Although a single dose of tafenoquine exhibits potent P. falciparum blood-stage antimalarial activity, the estimated doses to effectively clear asexual parasitemia will require prior screening to exclude G6PD deficiency. Clinical Trials Registration. Australian and New Zealand Clinical Trials Registry (ACTRN12620000995976).

摘要

背景

长效 8-氨基喹啉tafenoquine 可能是一种很好的候选药物,用于大规模药物治疗,如果它在足够低的剂量下表现出足够的血期抗疟活性,并且可以被葡萄糖-6-磷酸脱氢酶(G6PD)缺乏个体耐受。

方法

健康成年人在第 0 天接种恶性疟原虫 3D7 感染的红细胞。在第 8 天给予不同的单口服 tafenoquine 剂量。测量血浆/全血/尿液中的tafenoquine 和 5,6-邻醌代谢物浓度,并进行标准安全性评估。如果出现寄生虫再生长,则给予治愈性青蒿琥酯-咯萘啶治疗,或在第 48 ± 2 天。结果是寄生虫清除动力学、来自建模的药代动力学和药代动力学/药效学(PK/PD)参数,以及在理论流行地区的剂量模拟。

结果

12 名参与者接种并给予 200mg(n=3)、300mg(n=4)、400mg(n=2)或 600mg(n=3)tafenoquine。

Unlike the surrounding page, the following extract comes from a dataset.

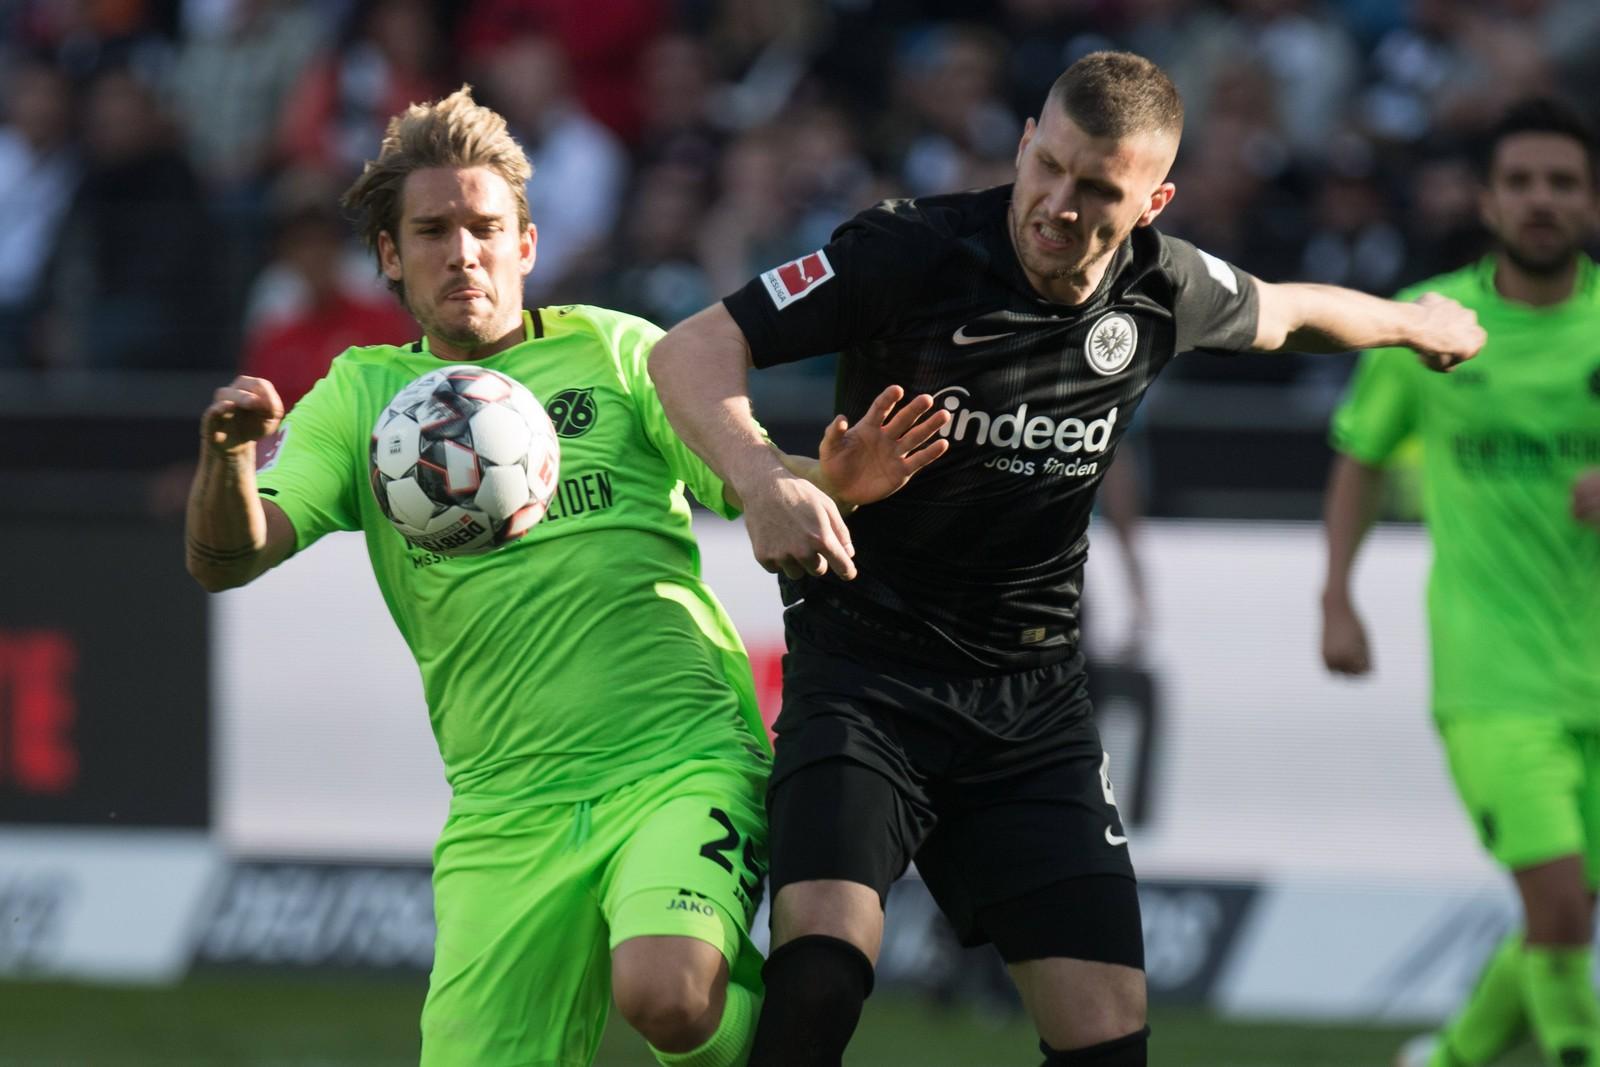 Trifft Ante Rebic auch gegen Hannover? jetzt auf Hannover gegen Frankfurt wetten!
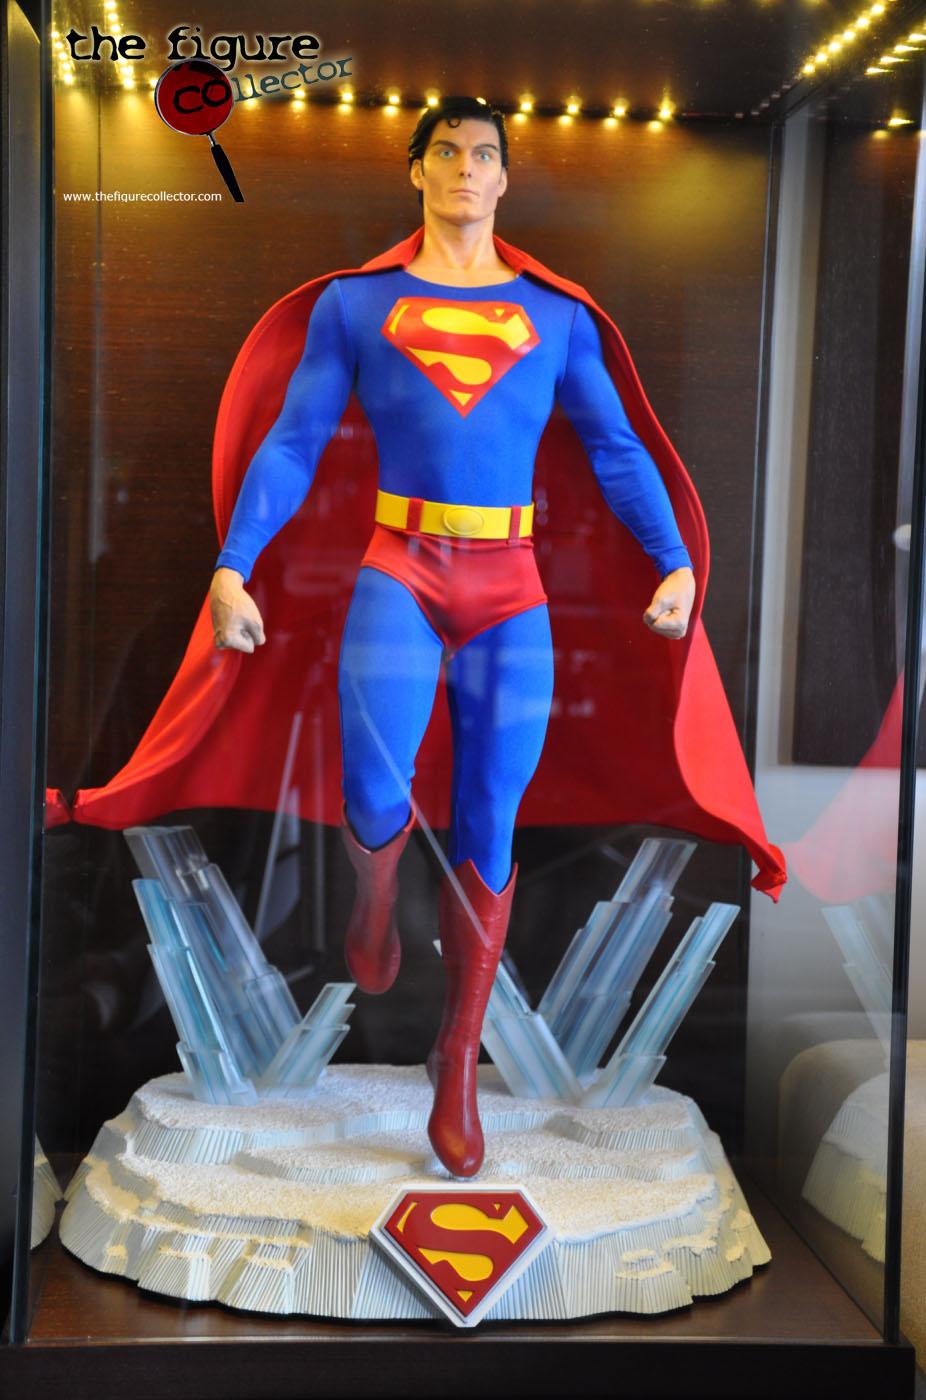 Colecao do Turco louis gara do forum Sideshow Collectors! Pobrinho!!! Superman-Cinemaquette-05

400mg 或 600mg(分别为 5.4 小时和 4.2 小时)的寄生虫清除半衰期快于 200mg 或 300mg(分别为 11.8 小时和 9.6 小时)。200mg(3/3 名参与者)和 300mg(3/4 名参与者)后出现寄生虫再生长,但 400mg 或 600mg 后未出现。使用 PK/PD 模型进行的模拟预测,在 60kg 成人中,460mg 和 540mg 分别将寄生虫血症清除 106 倍和 109 倍。

结论

虽然tafenoquine 的单剂量表现出很强的恶性疟原虫血期抗疟活性,但有效清除无性寄生虫血症所需的估计剂量将需要进行 G6PD 缺乏症的筛查。临床试验注册。澳大利亚和新西兰临床试验注册(ACTRN12620000995976)。